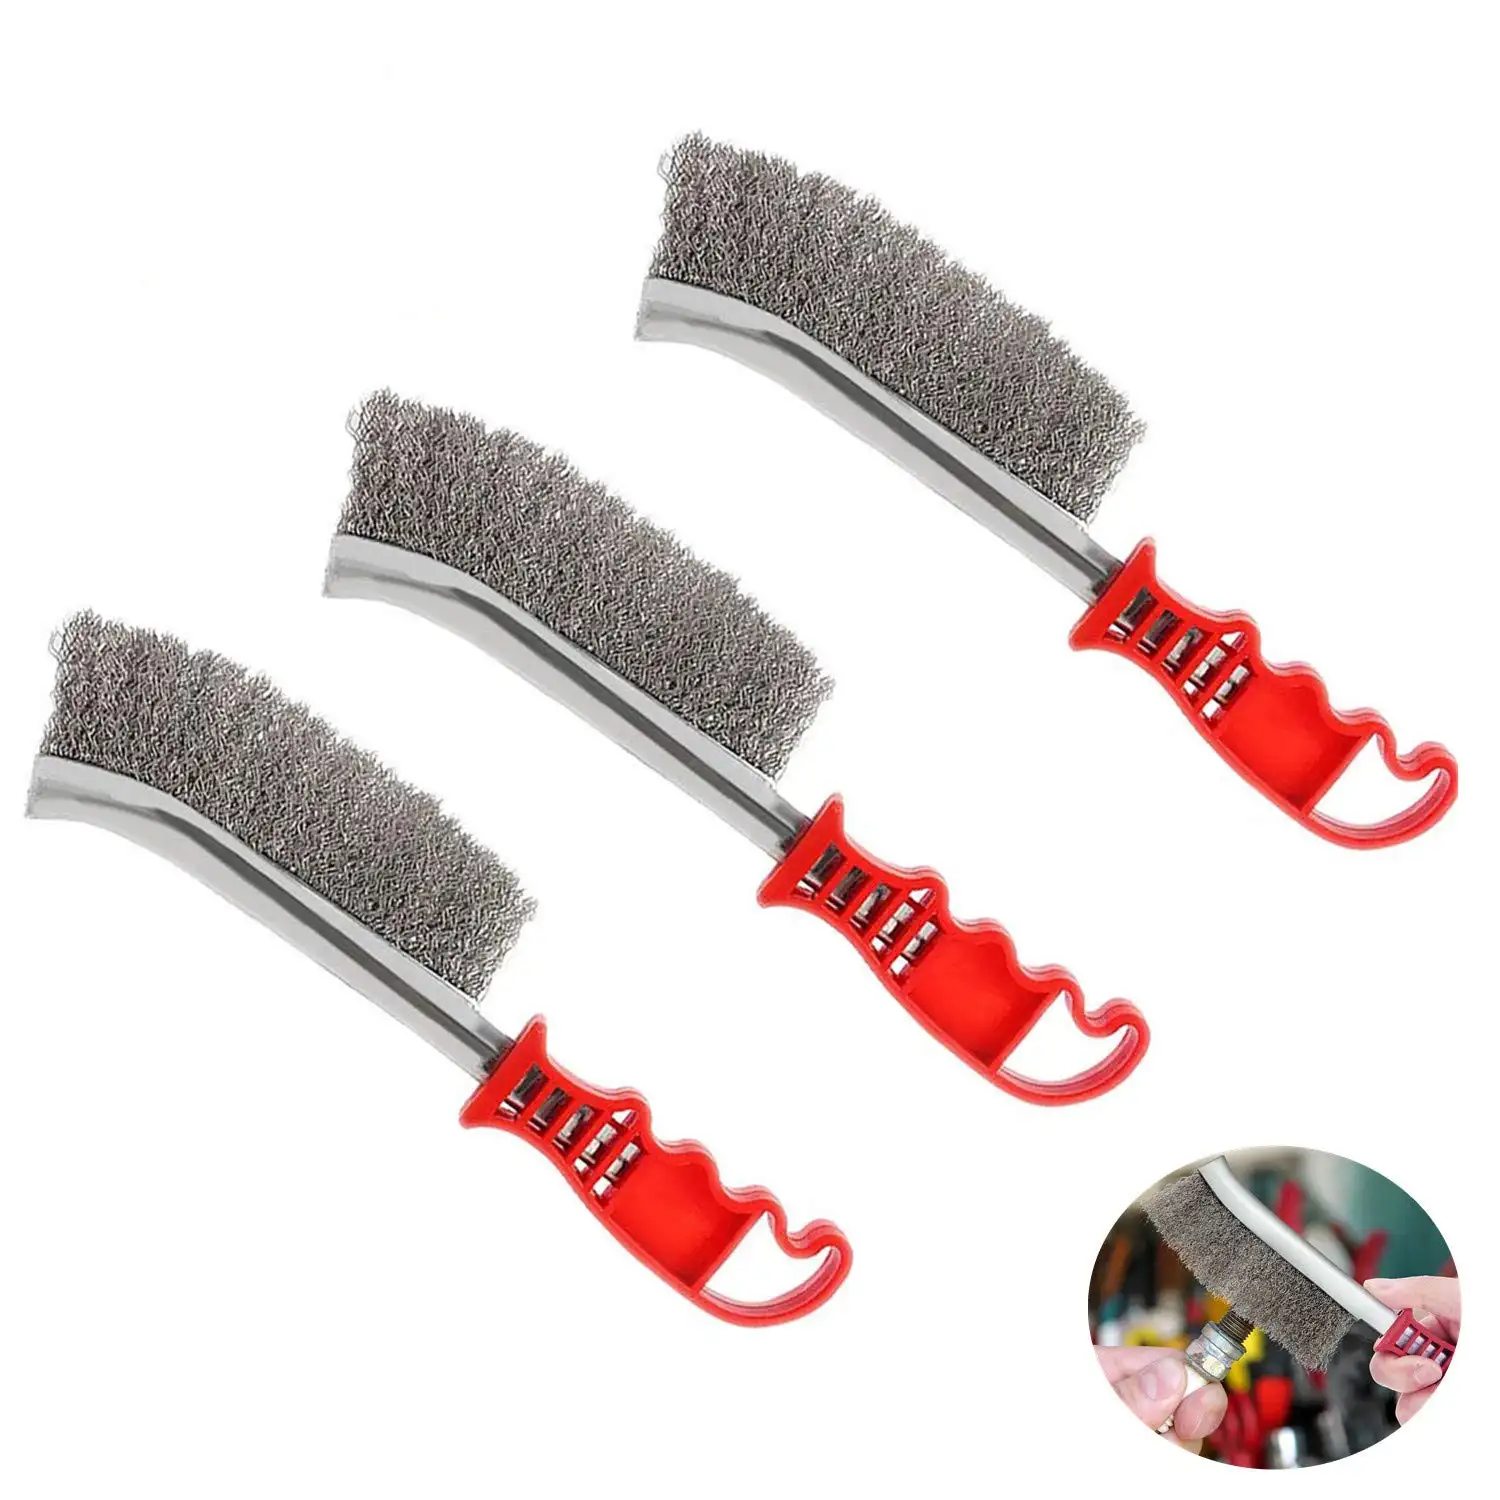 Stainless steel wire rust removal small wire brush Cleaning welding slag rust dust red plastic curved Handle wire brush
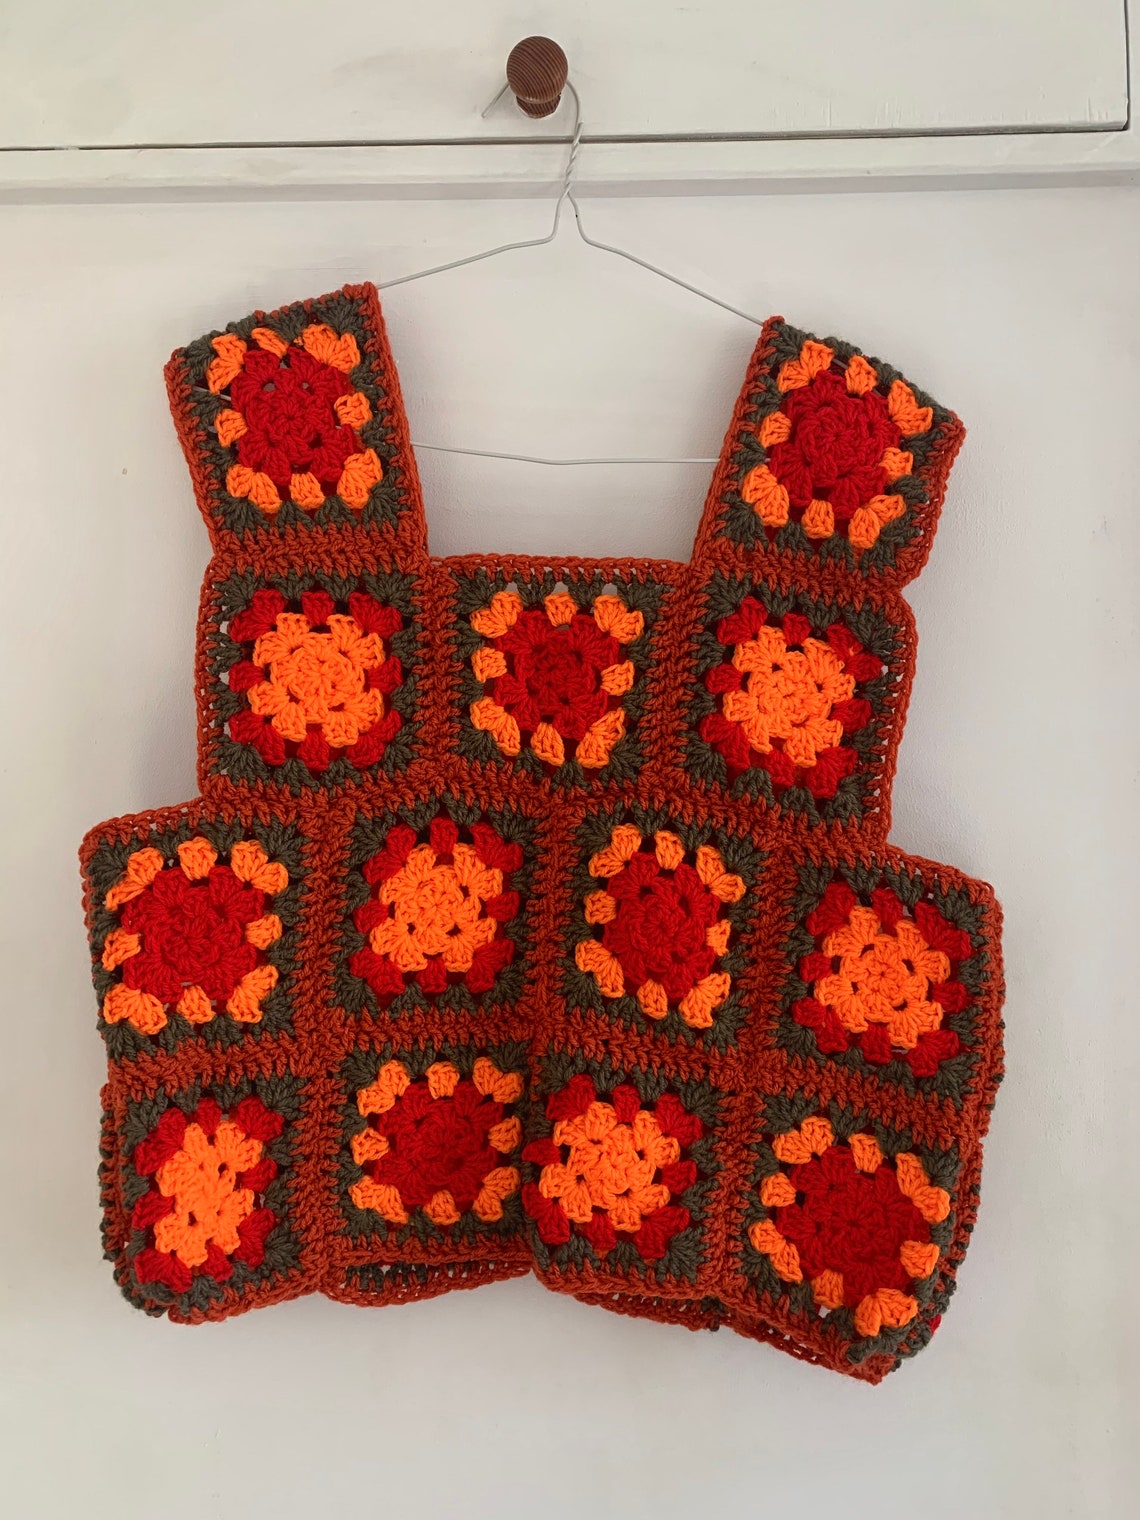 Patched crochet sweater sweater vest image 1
_____
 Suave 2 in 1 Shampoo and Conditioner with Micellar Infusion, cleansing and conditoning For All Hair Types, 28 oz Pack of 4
_____
**HOW TO COMPLETE THIS TASK**
Leaving out each picture, repeat exactly the lines above from the one that contains "Stainless steel wire" through the one that contains "Patched crochet sweater sweater vest image 1".

**PROBLEM SOLUTION**
 Stainless steel wire rust removal small wire brush Cleaning welding slag rust dust red plastic curved Handle wire brush
 Patched crochet sweater sweater vest image 1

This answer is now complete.